Interrupted by a loud crashing, he flinched, turning, and saw Leonid Milanov staring at him, yelling:

“Did I not say come immediately?!”

“I was just washing up.”

“You were in here for four hours!”


“Whatever! Come on!” Leonid dragged him to the room, placed him on the chair, and sat opposite him.

“How are you feeling?” asked Milanov.

“Tired…I drank too much.”

“Anything else?”

“Nothing…I had a strange dream…”

“Right. That dream…were you a star?

“How did you know…?”

“Focus! Were you a star?!”

“Yes! Stop shouting! God, my ears hurt…”

“And, were you eaten?”

“Yes…what is it?”

“I had it too. The dream. Now, tell me: where did you get that telescope?

“I already told you; the, uh, Science and Curiosities Centre…

“There is no such place.”


“In the capital? No such place. Where did you get it?”

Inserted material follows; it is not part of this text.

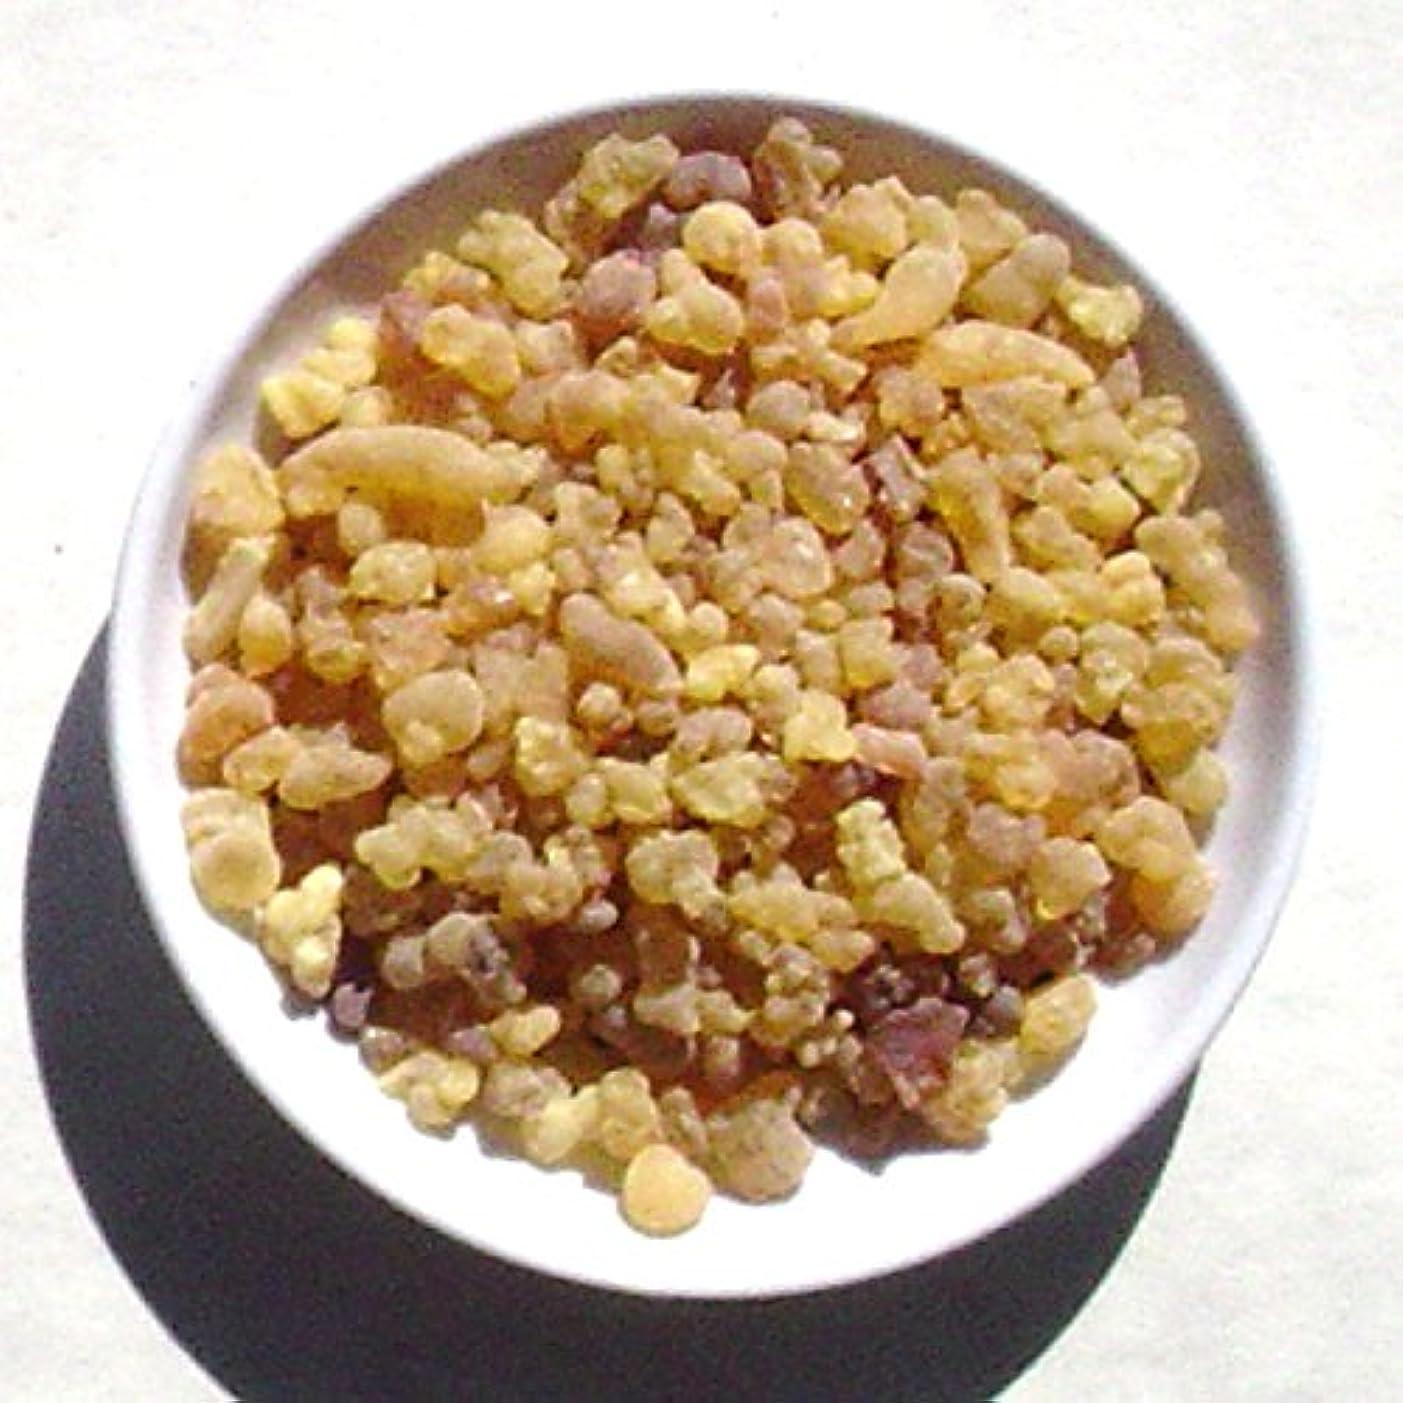 抹消大破信頼Arabian Frankincense – 1ポンド – Traditional Incense (樹脂)バルク

“I…I don’t know…can’t remember…”

“First, drink this. Then—get that thing away from here, you hear?”

“But it’s your present…”

“Fuck your present! I should call a fucking priest for that shit! Did you bring some spy weapon from America? Huh? Some forgotten brainwave project?! That thing is fucking cursed, I tell you! Who the fuck sold it to you?!”

“I don’t know, stop shouting, God!”

“Get rid of it!”




The telescope was moved to Aleksey Pokhorovich’s old, dilapidated house which was kept in fine condition by the neighbors a few streets away. Placed in the attic, it looked at the sky.

Aleksey would stare through it for hours, gazing into the abyss. Time seemed to become irrelevant, as if some great revelation was coming.

The dreams became frequent and disturbing, until Pokhorovich stopped sleeping entirely, hiding in his attic, gazing at the sky, listening in to the sounds. The sounds in his ears were…there. They nestled.

The telescope, he was certain, would move to a certain location when he was not watching, as if it had a mind of its own. Slowly, effortlessly, it was moved by the gentle summer breezes, swaying until the wind died down and it dropped dead, like a hammer, to some unknown location through which Pokhorovich would glimpse impossible un-realities…

Maddening places of scale so vast and profound he felt his existence dissipating and his brain turning into stew. It was turning into stew as he felt it slowly being devoured by an unknown sentiment, as he was certain now that his body displayed a certain luminescence…and the first, alien thoughts intruded into him, not thoughts but something…higher.

And terrifying.


A thing has arrived at the old village.

Passing through the silenced alleyways, it prowls, scaring away the mutts who all disappeared from the region. Aleksey Pokhorovich once went and visited his old friend, but he was not home.

He found a strange puddle of goo, like gelatin, all around the house. One on the chair, another near the rusted gate. But he could not fully recall Himself when they went or when they will come back. The house glowed, too, but not from any electricity anymore. It glowed like it glows itself, and Pokhorovich felt disturbed, asking questions of mad meaning…

The villagers fear the thing from the attic which glows in the night, and tremors are sensed all around as the whole place starts reporting that time, it appears, is disappearing. There are no more sounds of barking and no music is heard in any direction, and all voices seem distant…

And in the attic of the old house can be seen a telescope always swaying peeking through the window into the void, glowing.

And up there in the skies, villagers speak in hushed whispers of omens from beyond.